The title is taken from a poem (“For the Fallen”) written during the war by Laurence Binyon … “They shall not grow old, as we that are left grow old…” I bring that up because Peter Jackson (he of the “Lord of the Rings” trilogy) has brought these early 20th Century soldiers back to life. He took the vintage footage – in a deteriorating state and and at different film speeds – cleaned it up, put it at a normal speed, colorized it and even made it available in 3D. The results are stunning, and a breakthrough in documentary making, as now the places, events and men in the film seem available to us right now. This is not a history lesson, there are no dates or battles, but a plunge into a British soldier’s life during the Great War, fraught with the danger of battle and the specter of death with each new fight. The film’s power is that it provides a new perspective on a long gone international killing field.

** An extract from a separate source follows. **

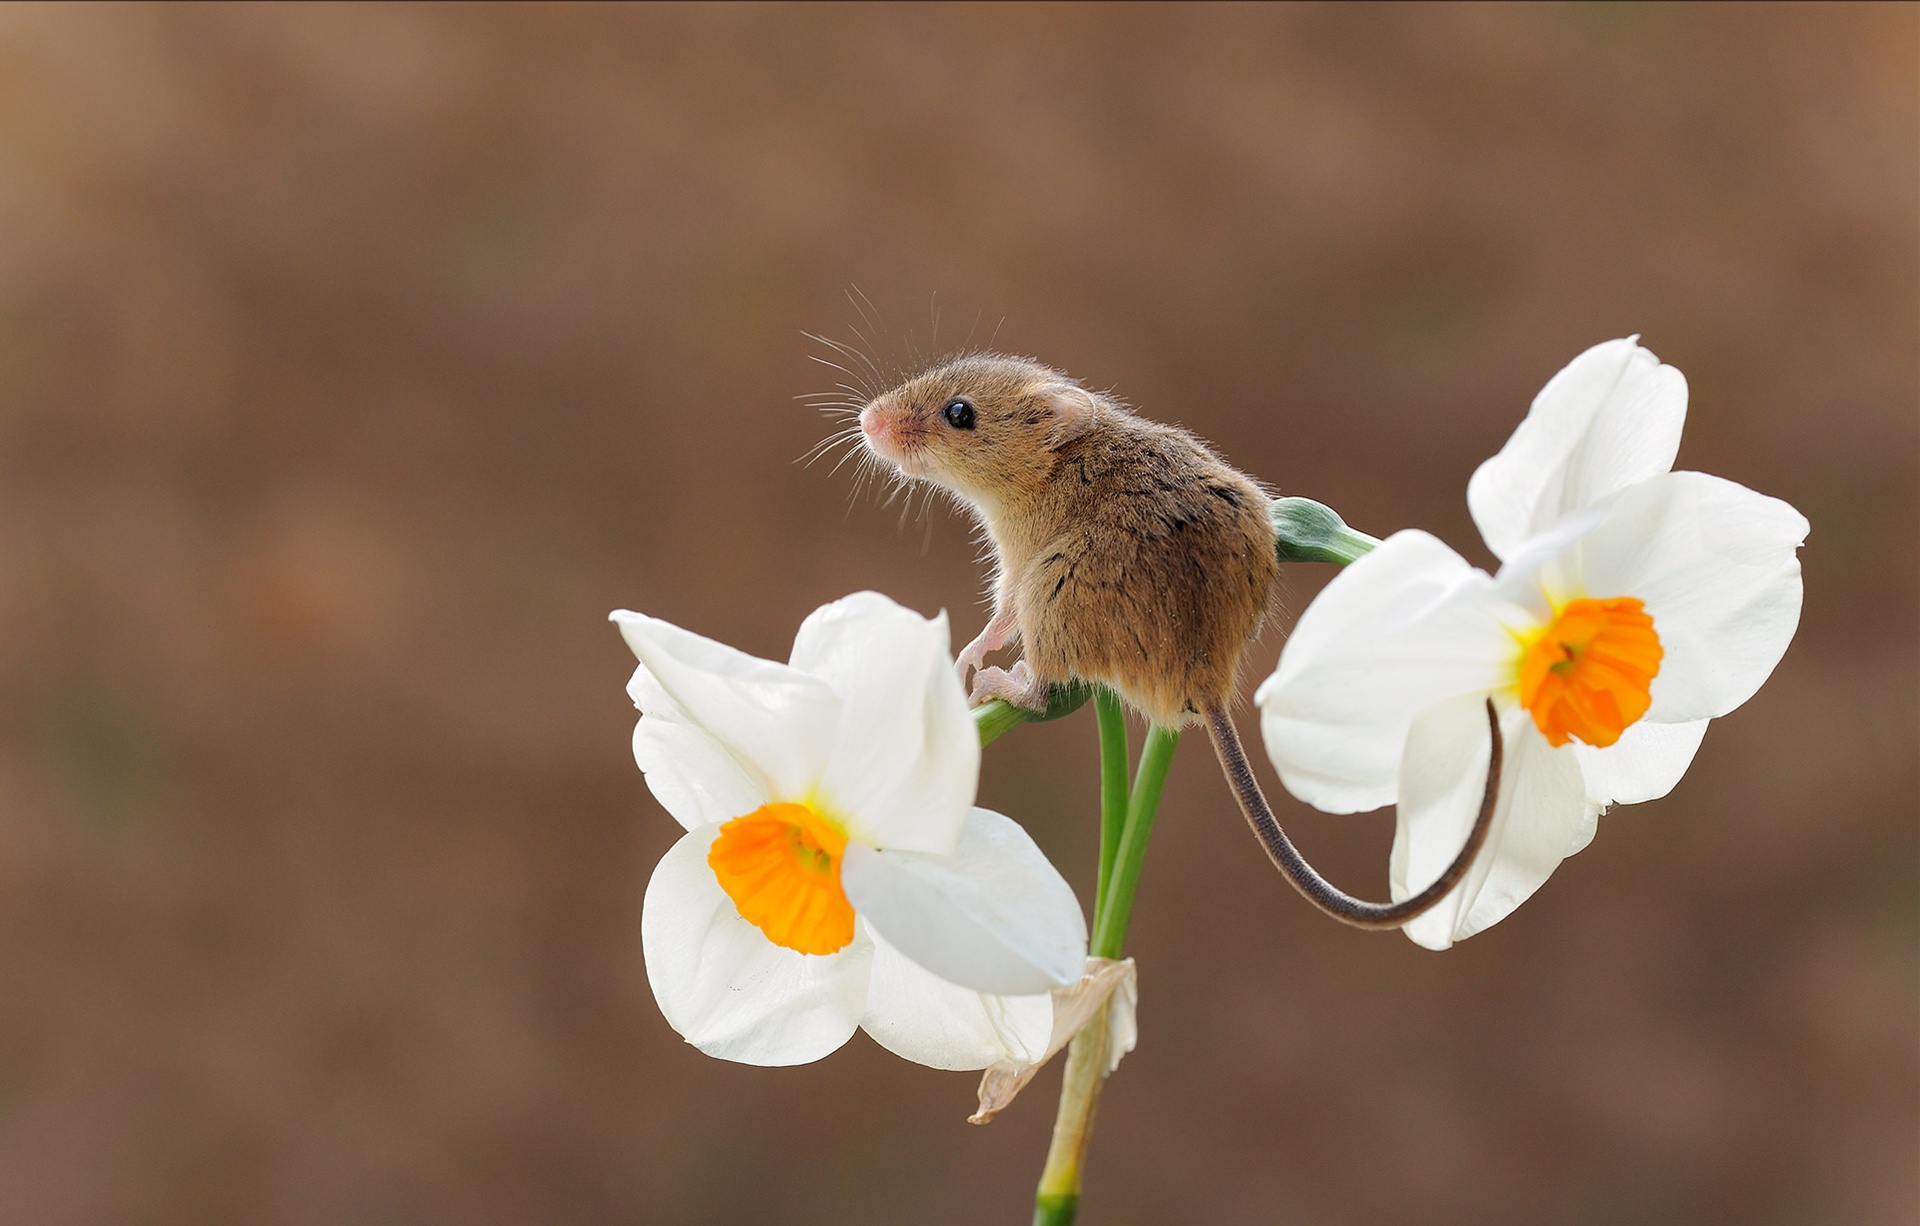 Мышь полевка в цветке

In 2014, director Peter Jackson was approached to create a World War I documentary by the British Imperial War Museum. This was in anticipation of the 100th anniversary of the end of the war (11/11/18), and there were no restrictions as to what the final film should be. Because Jackson was intrigued with the possibilities, and had a grandfather that fought in the Great War, he took on the assignment for free.

Restored Versus Original Film Stock in ‘They Shall Not Grow Old’
Photo credit: Warner Bros.

He had access to the complete film archives that the museum possessed, but found the footage to be degraded, out of sync motion-wise and desperately unwatchable. With access to the finest digital filmmakers in the world, he came up with the idea to enhance the film and give it new life. The result was a colorized and wide screen 3D effect, stunning in its immediacy. Add in veteran memories as recorded by the BBC in the 1960s and ‘70s, and a new archive of WWI is not longer relegated to dry documentaries or more importantly, forgotten.

The mind-blowing footage has be seen (hopefully on the big screen) to be appreciated. To realize that all of the men depicted in these old films are now dead, whether during the war or afterwards, is to realize that shadows of history can still be brought back to vivid life. Jackson also added key sound effects, including (no doubt) the hiring of a lip reader to figure out and add dialogue for the soldiers. The stunning result is also both fascinating and somewhat eerie … could this be a stealing of their souls?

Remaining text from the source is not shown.